Archive for Thursday, May 5, 2005

Agency gives boost to youths

Tiny-K delivers therapy services to young across Leavenworth County

May 5, 2005

Alexis Shepard looks at her 2-year-old son and sees how Tiny-K Early Intervention Services has helped with the boy's development.

Lawyer Jordan was born with Down syndrome. He didn't have the withdrawn facial features usually associated with the chromosomal disorder, but his eyes hadn't opened by the time he was 10 days old. His first year, the toddler exhibited abnormally low muscle tone and was lethargic. He couldn't sit up.

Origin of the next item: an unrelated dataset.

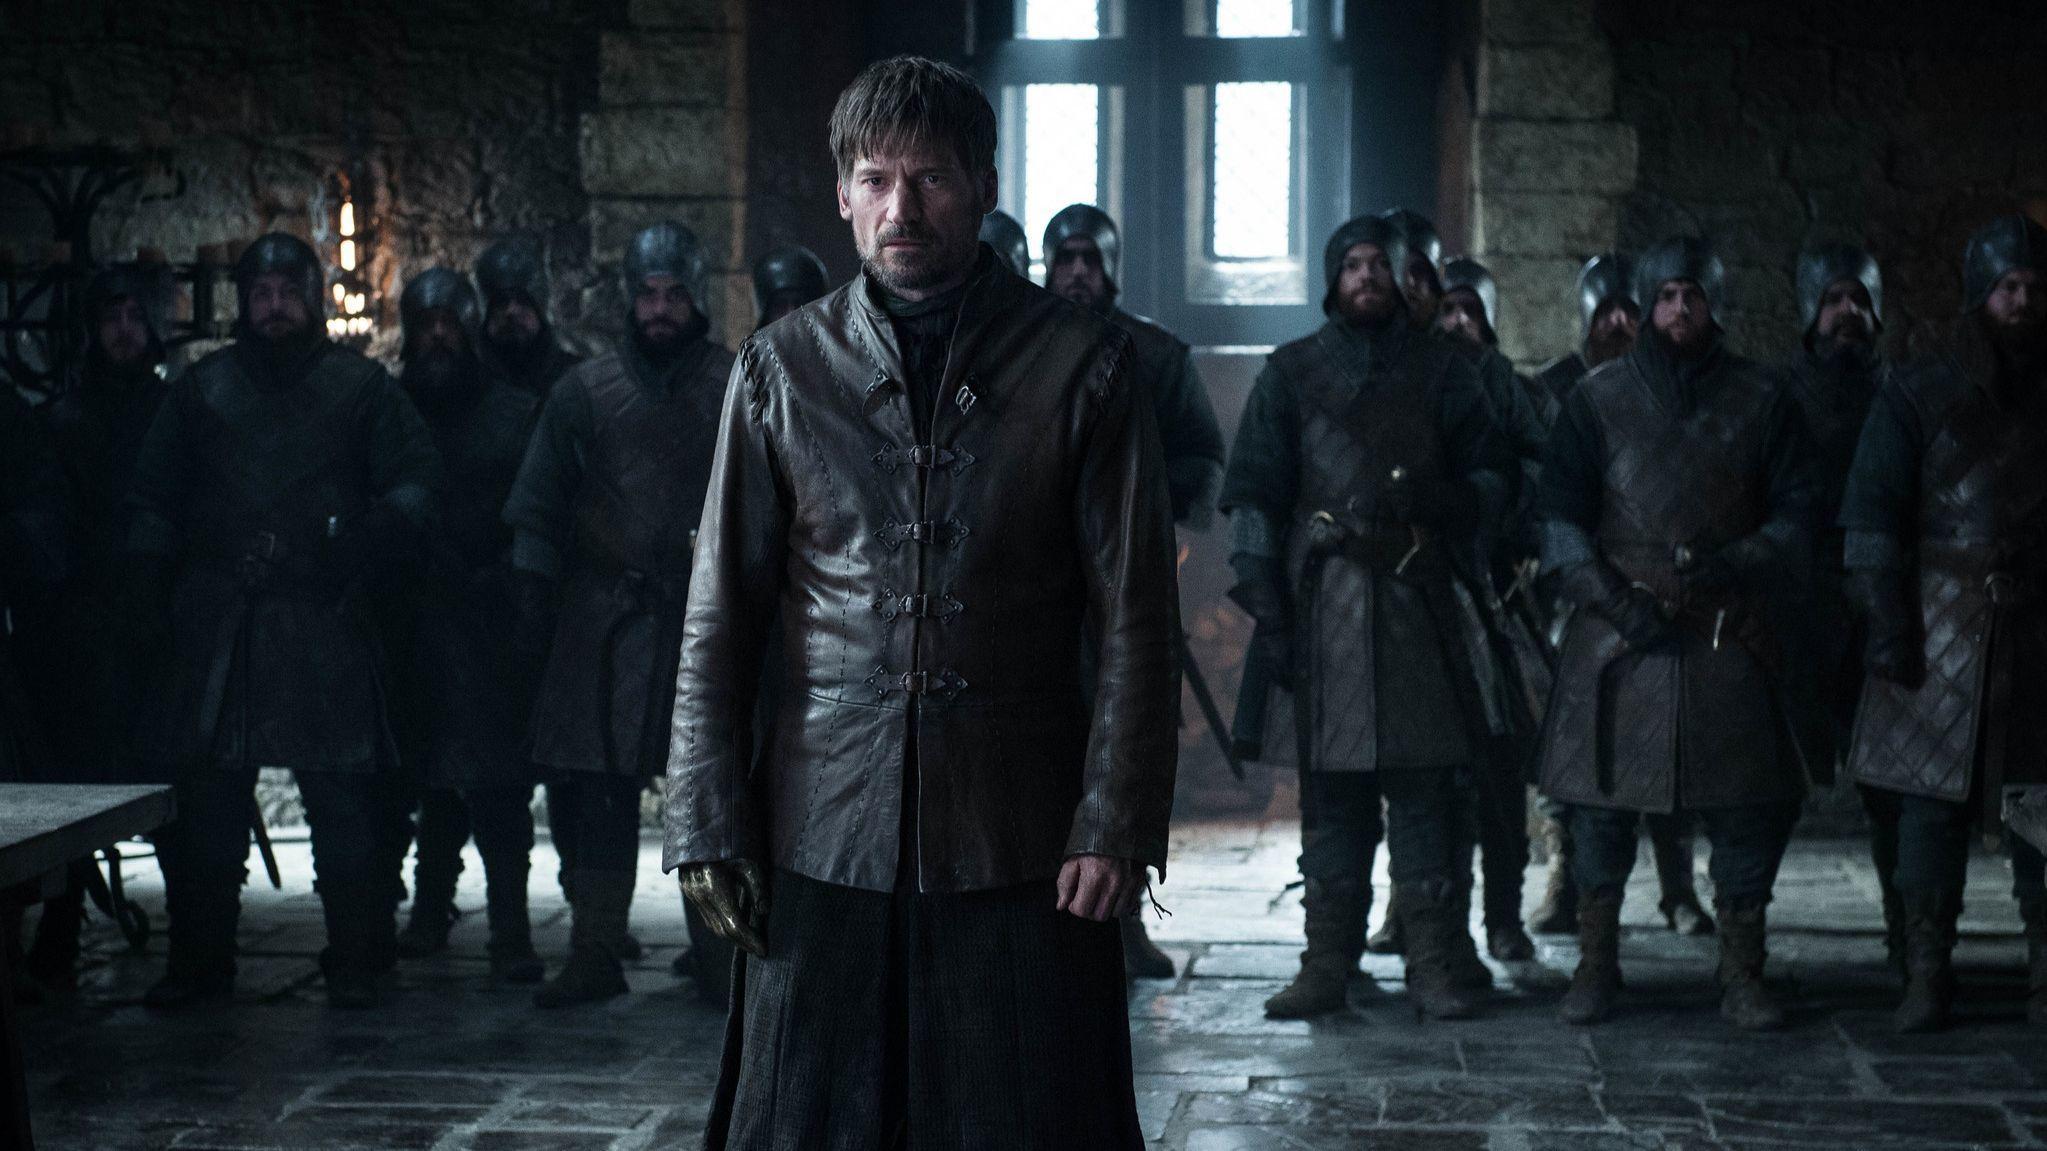 'Game of Thrones' Season 8, episode 2 recap: Poignant sentiment and preparation for slaughter

Enter Tiny-K, an agency that provides therapy services to Leavenworth County children under the age of 3 at no cost to the parents. Lawyer is one of 15 children in Lansing being served by the agency; 90 children throughout the county are on Tiny-K's client list.

Nedra Mitchell, a physical therapist, and Amy Bristol, an early childhood intervention specialist, have made weekly visits to Shepard's Lansing Heights townhouse for most of the past year to help Shepard in Lawyer's development.

"They've just been wonderful," Shepard said.

One of the first tasks for Mitchell was to help Lawyer sit up. Lawyer just couldn't perform the seemingly simple task. With the Mitchell's assistance and the willingness of Lawyer's family members to work with Lawyer when a therapist or specialist wasn't around, the boy has mastered the task.

"He's really progressed," Mitchell said about Lawyer last week. "I can tell he's steadily come a long way."

Lawyer still is developmentally behind other toddlers his age - he's still learning to walk.

Nedra Mitchell, a physical therapist with Tiny-K Early Intervention Services, helps lead 2-year-old Lawyer Jordan in a walking exercise. Lawyer was born with Down syndrome.

Nedra Mitchell, a physical therapist with Tiny-K Early Intervention Services, helps lead 2-year-old Lawyer Jordan in a walking exercise. Lawyer was born with Down syndrome.

"Walking is not the most important thing developmentally," Mitchell said. "Language development, dressing himself, feeding himself, those are all areas that are necessary. But walking is so important to those tasks."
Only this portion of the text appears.